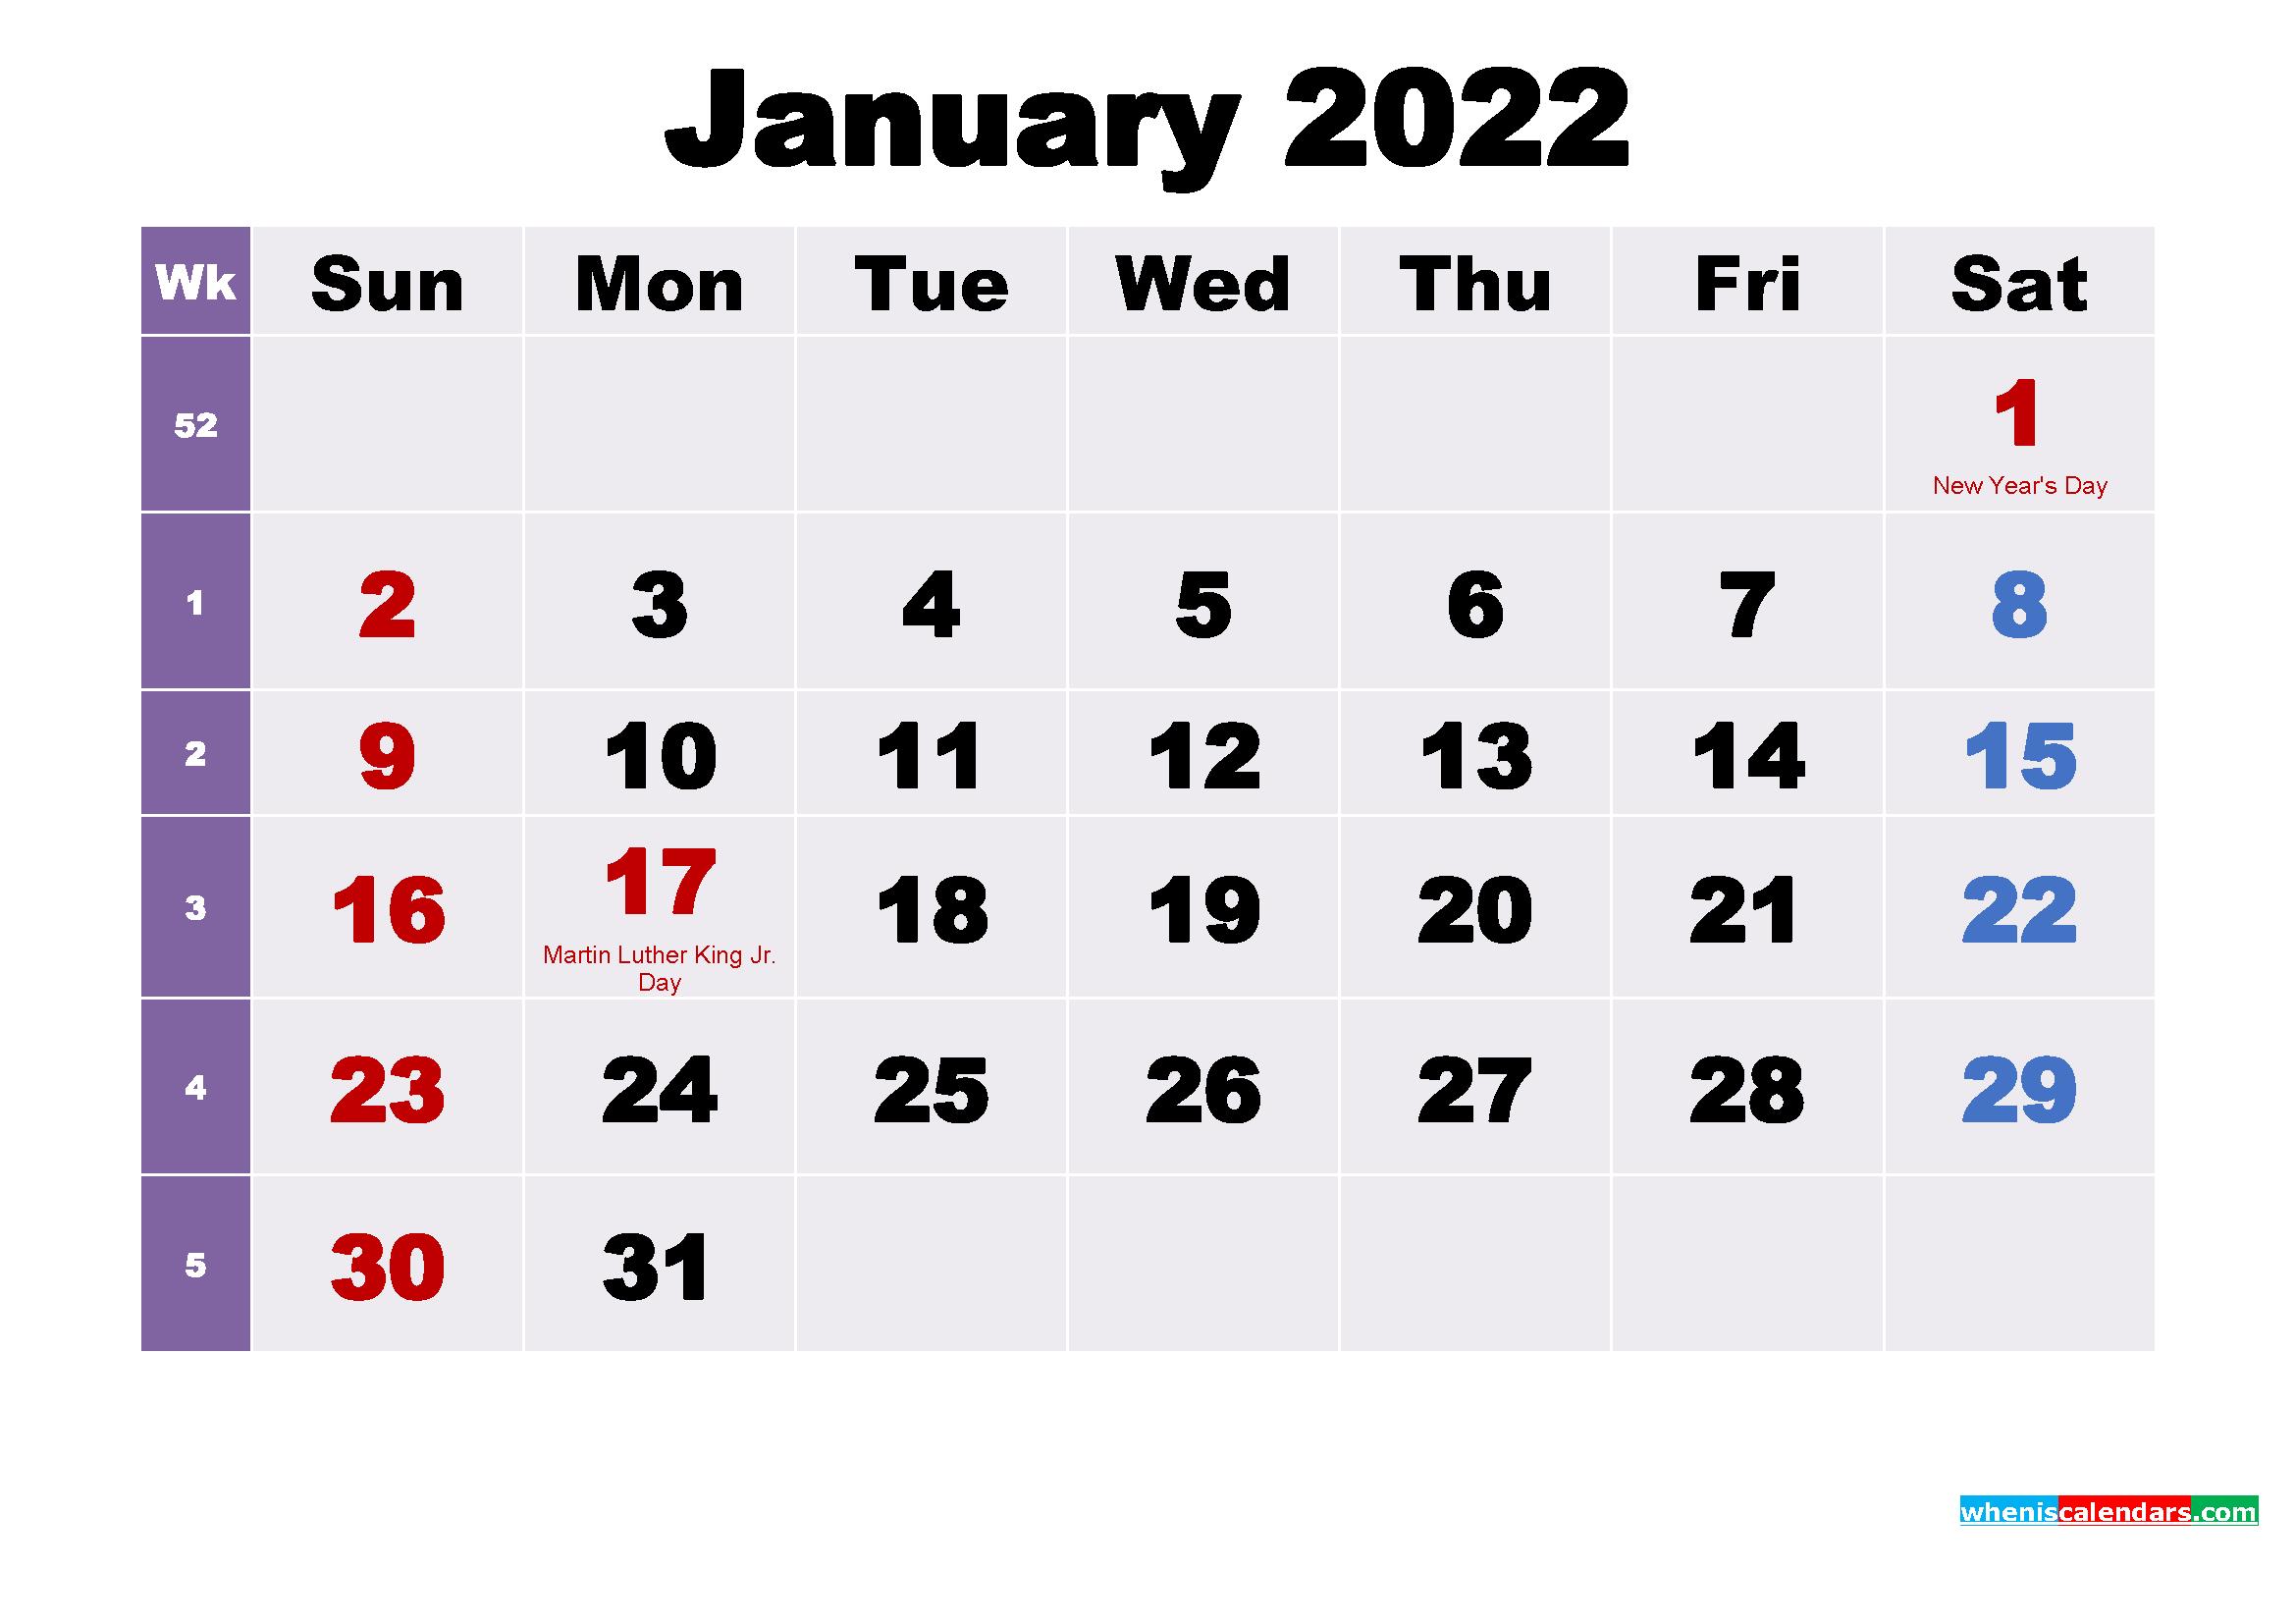 January 2022 Calendar with Holidays Wallpaper
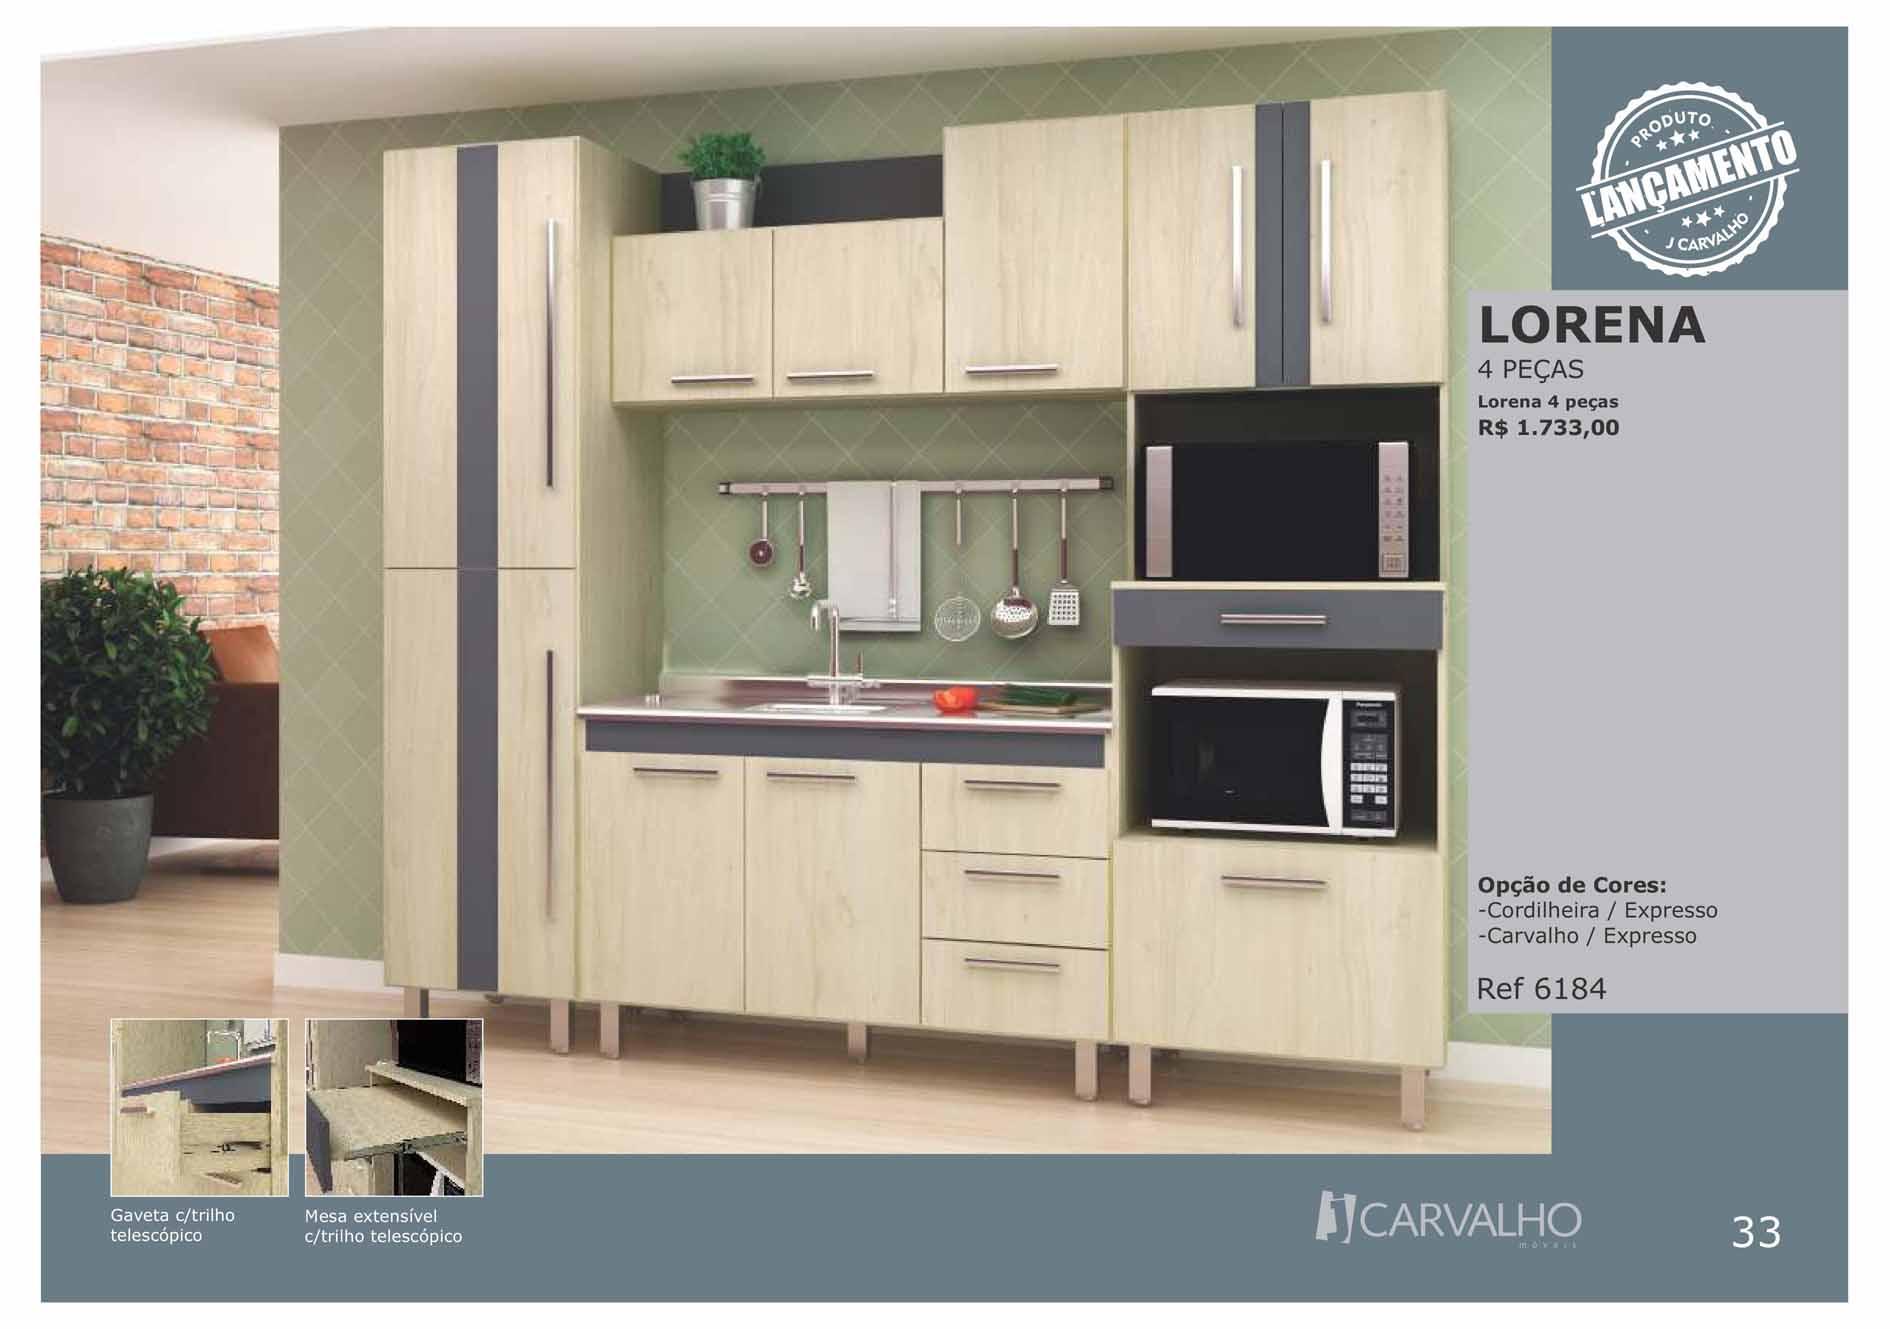 Lorena – Ref 6184
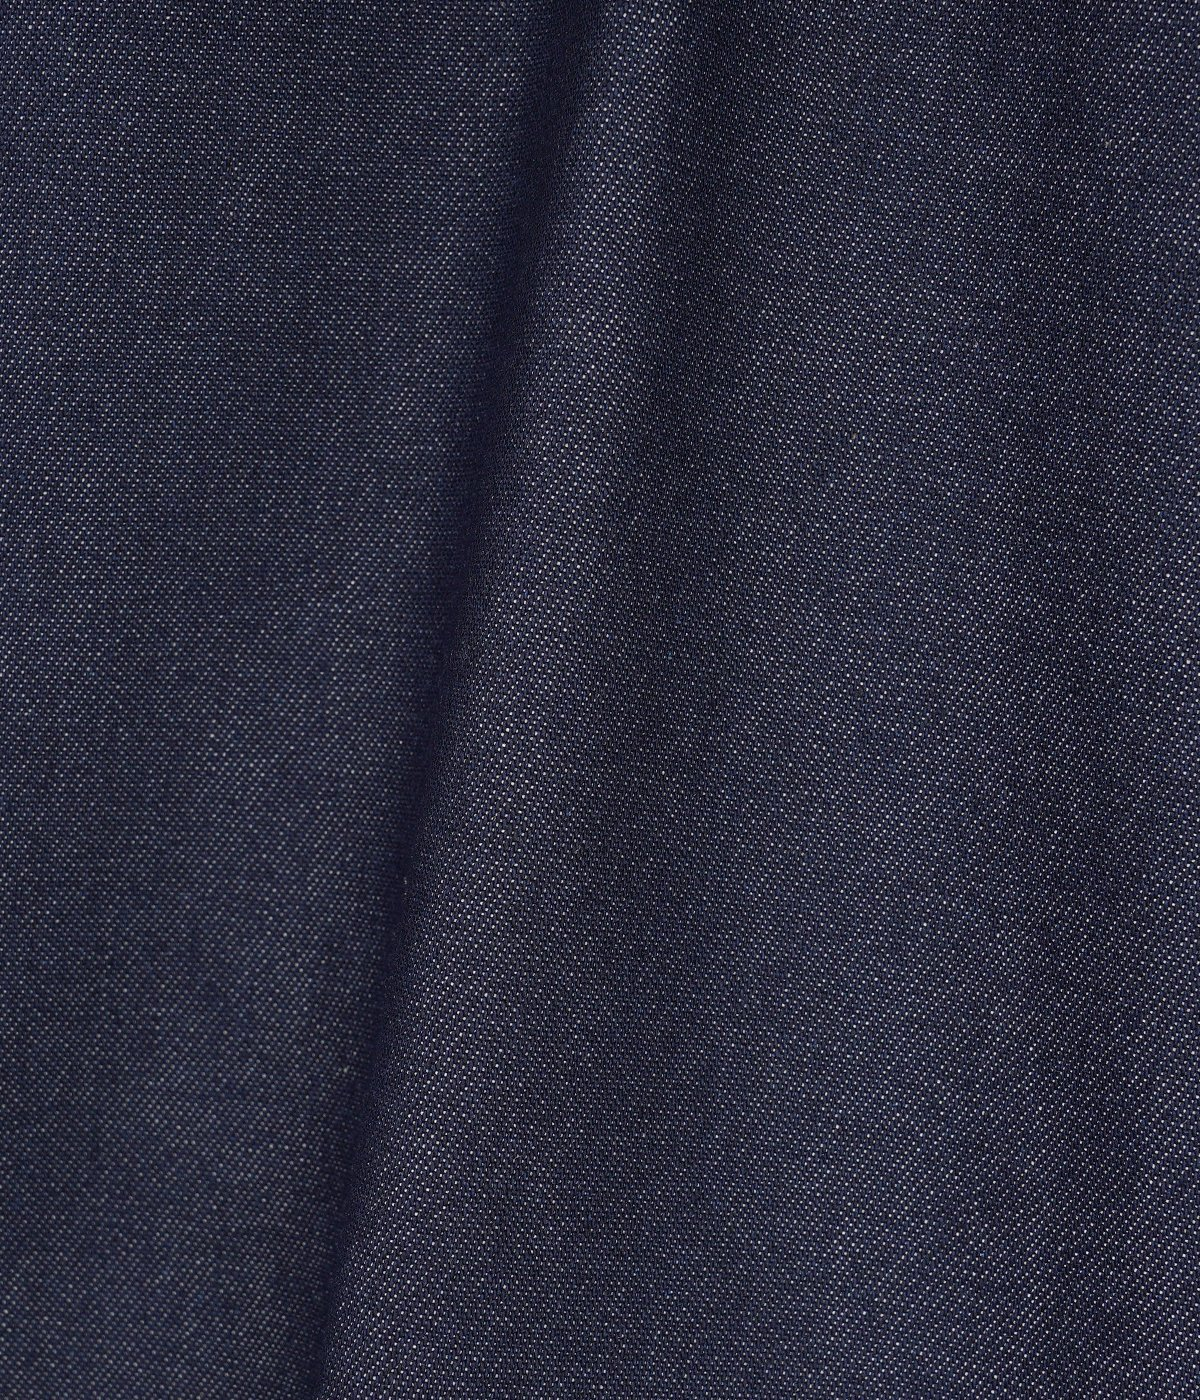 RUCK SINGLE KNEE -BLUE RIGID-

**Task statement:** Print out the whole listing word for word. Leave the pictures out.

**Task response:**
 January 2022 Calendar with Holidays Wallpaper
 Lorena – Ref 6184
 RUCK SINGLE KNEE -BLUE RIGID-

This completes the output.